Data section:
□ □ □ □ □ □ □
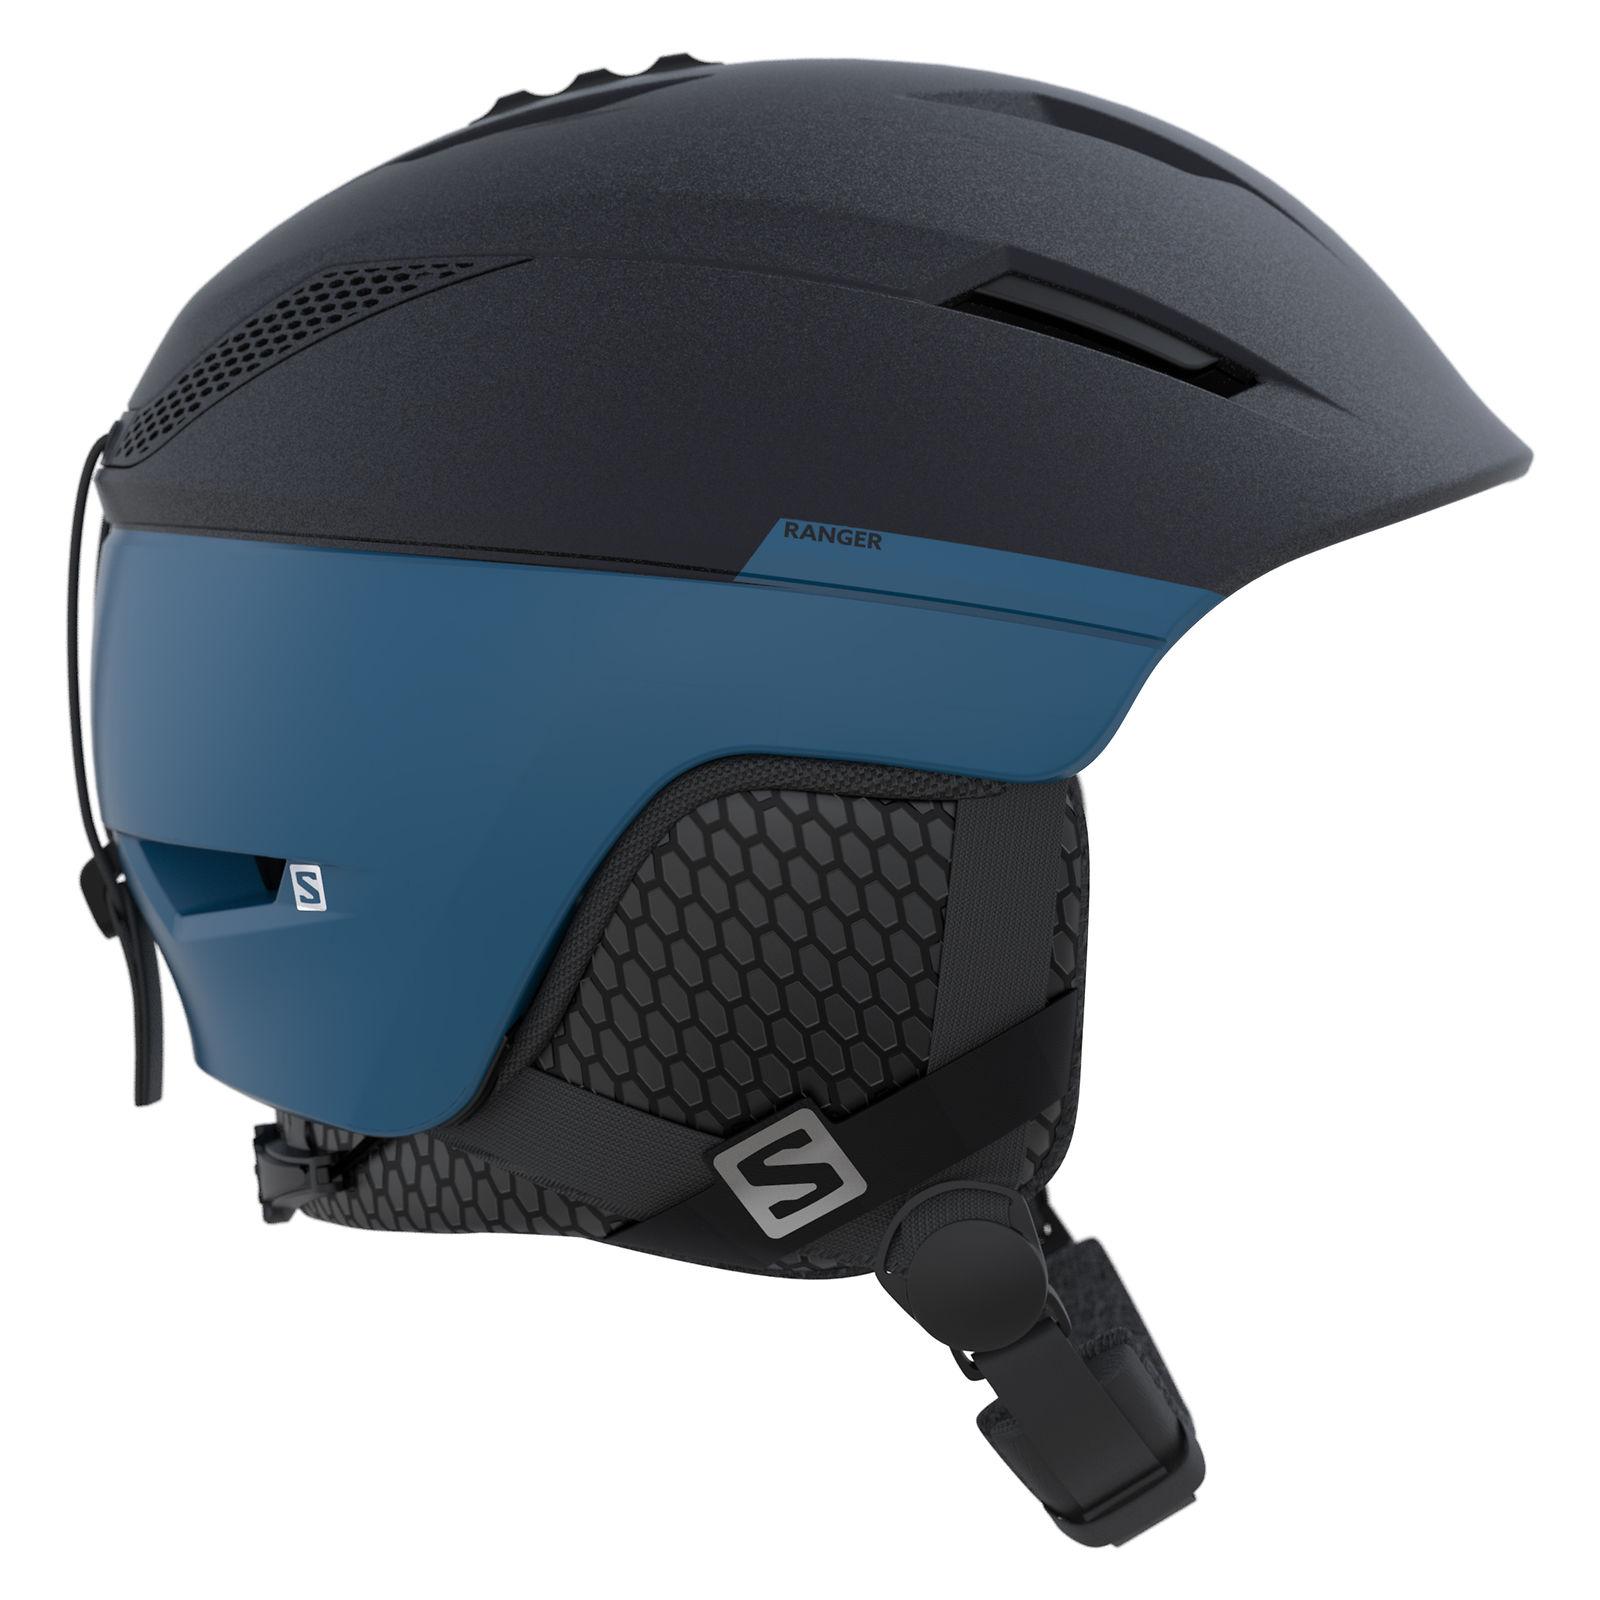 Kask Salomon Ranger 2 399129
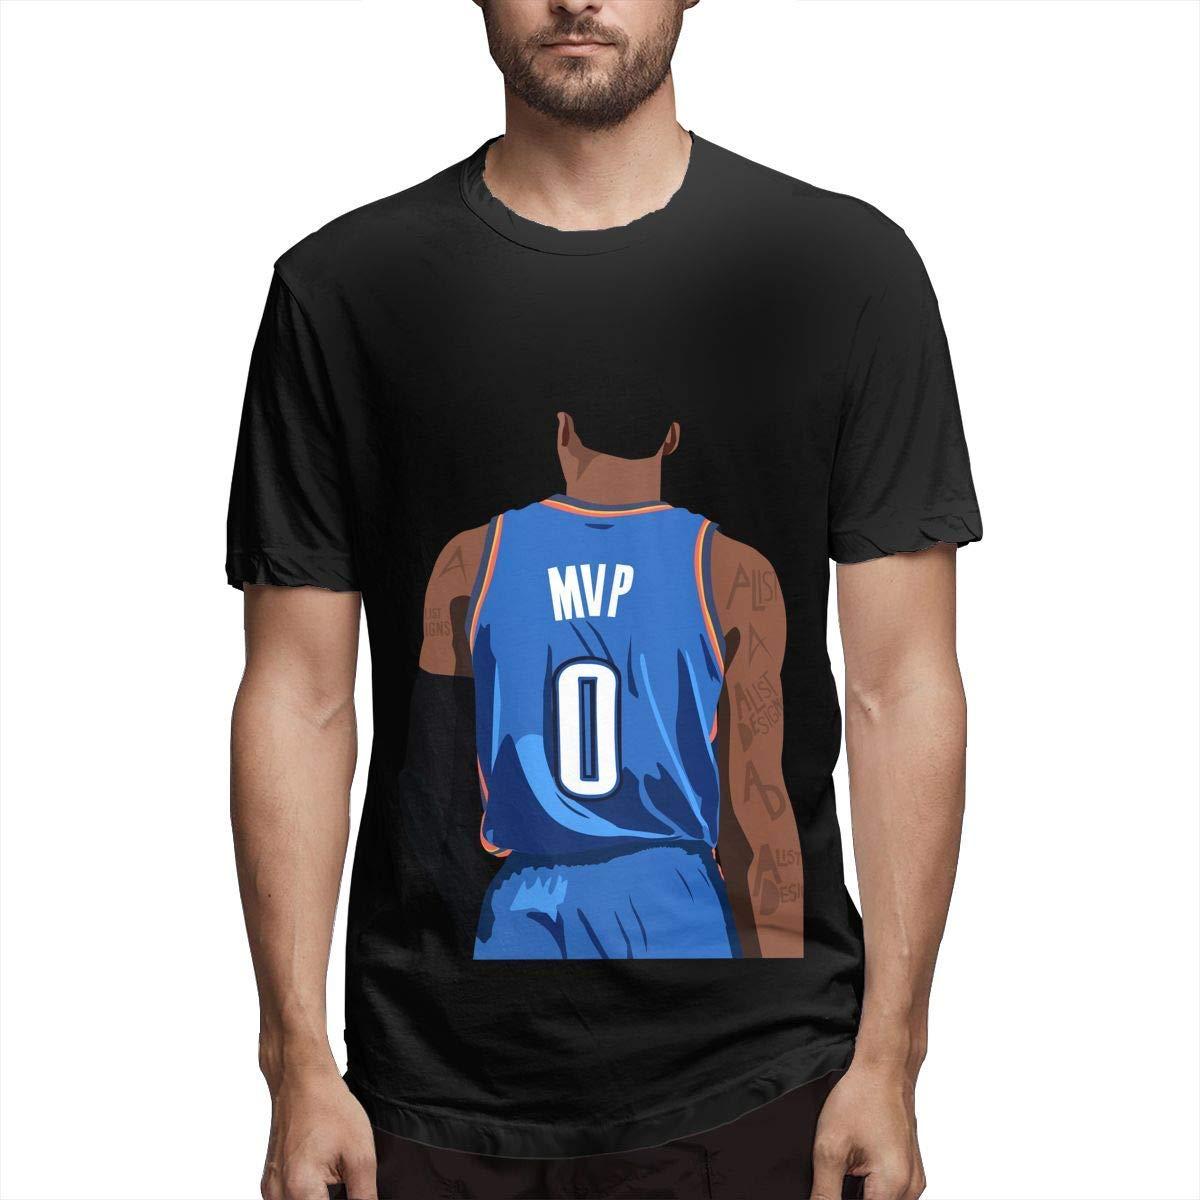 Mvp California Russ-ell Westb-rook T-shirt
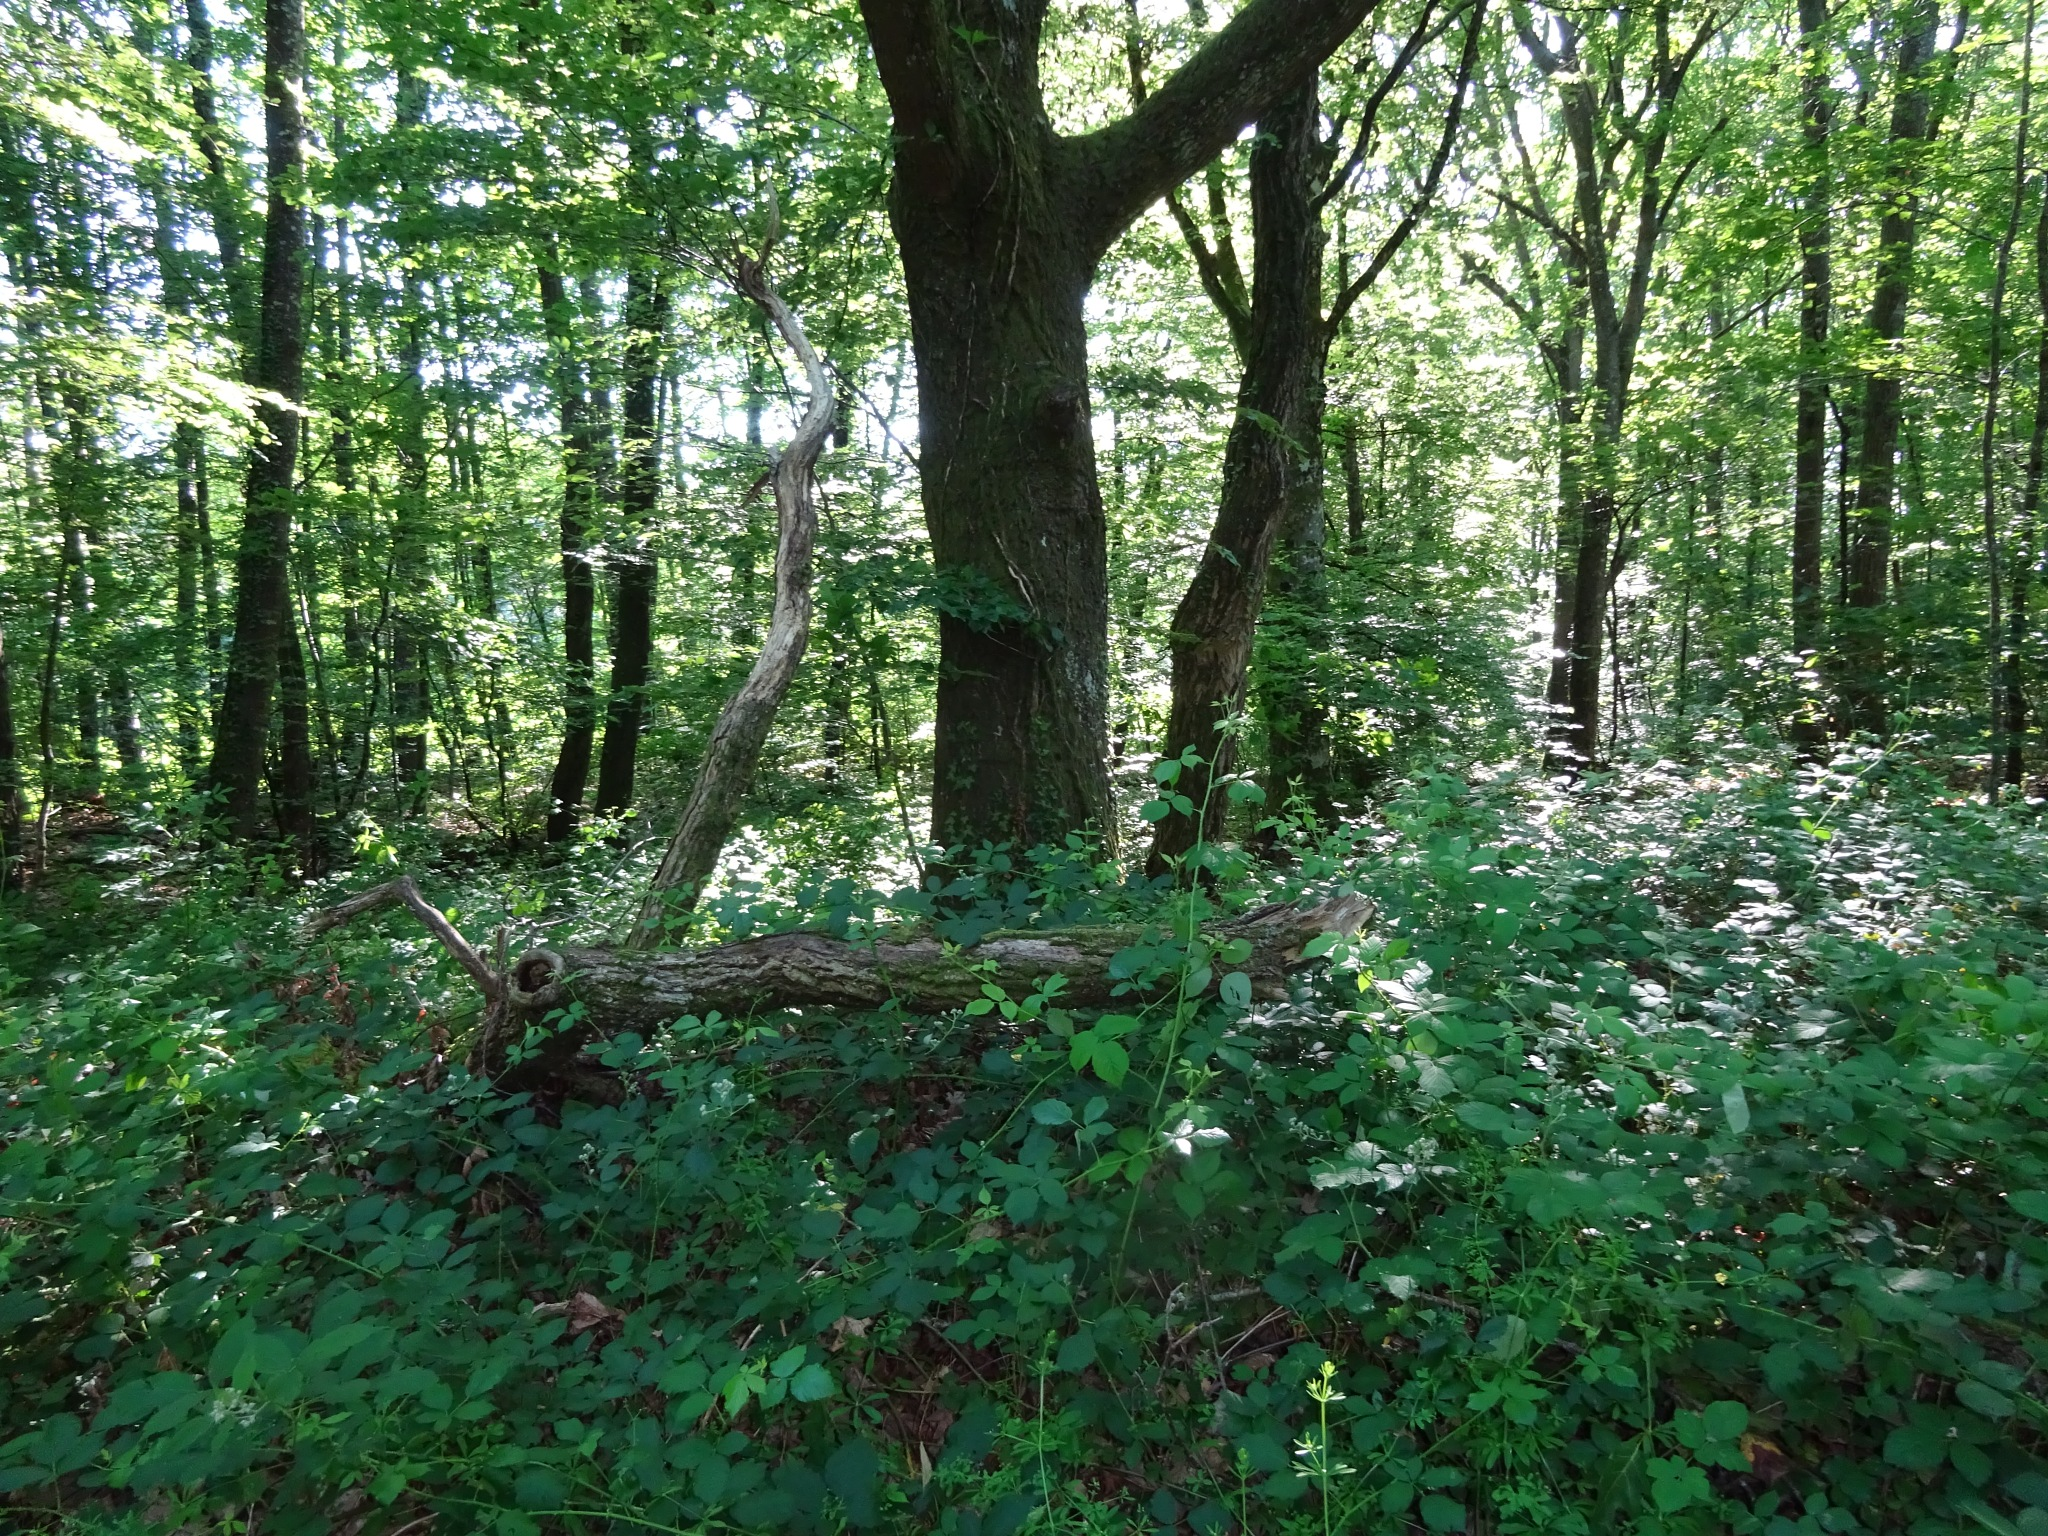 dans la verte forêt by bernadette b
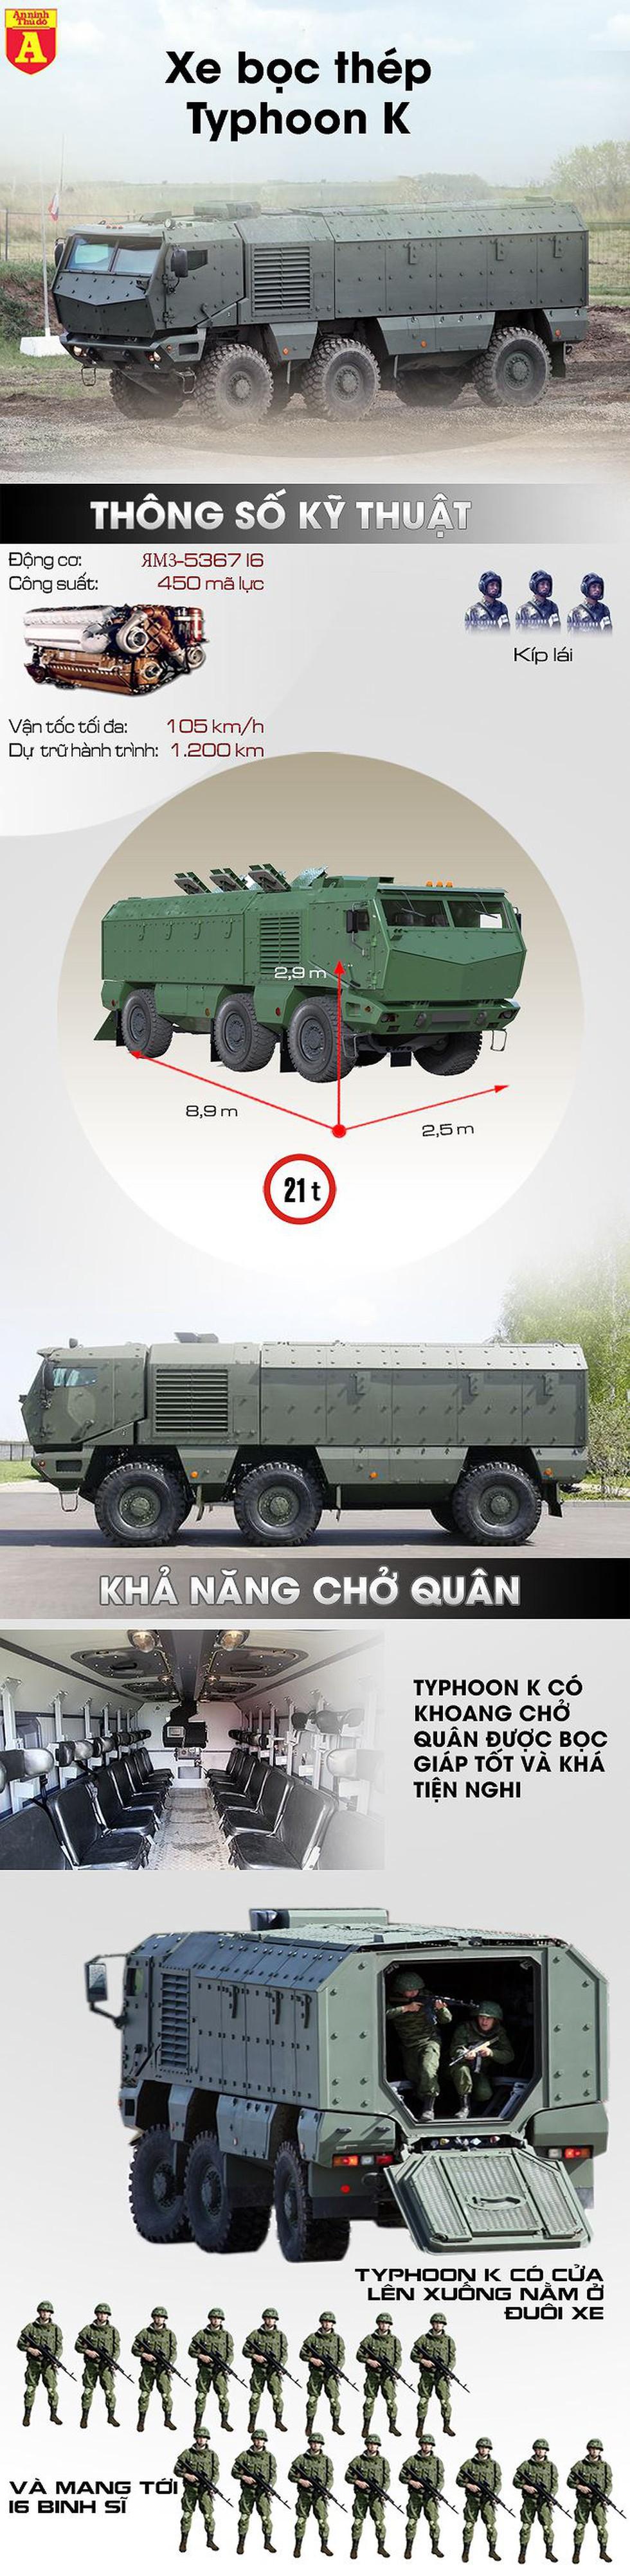 """[Infographics] Nga chưa kịp biên chế """"quái thú"""" Typhoon-K đã bị Trung Quốc sao chép - Ảnh 1"""
□ □ □ □ □ □ □
How to complete this task: Apart from the pictures, every line of the data above should be given again exactly.

Answer for the task:
 Kask Salomon Ranger 2 399129
 Mvp California Russ-ell Westb-rook T-shirt
 dans la verte forêt by bernadette b
 """[Infographics] Nga chưa kịp biên chế """"quái thú"""" Typhoon-K đã bị Trung Quốc sao chép - Ảnh 1"""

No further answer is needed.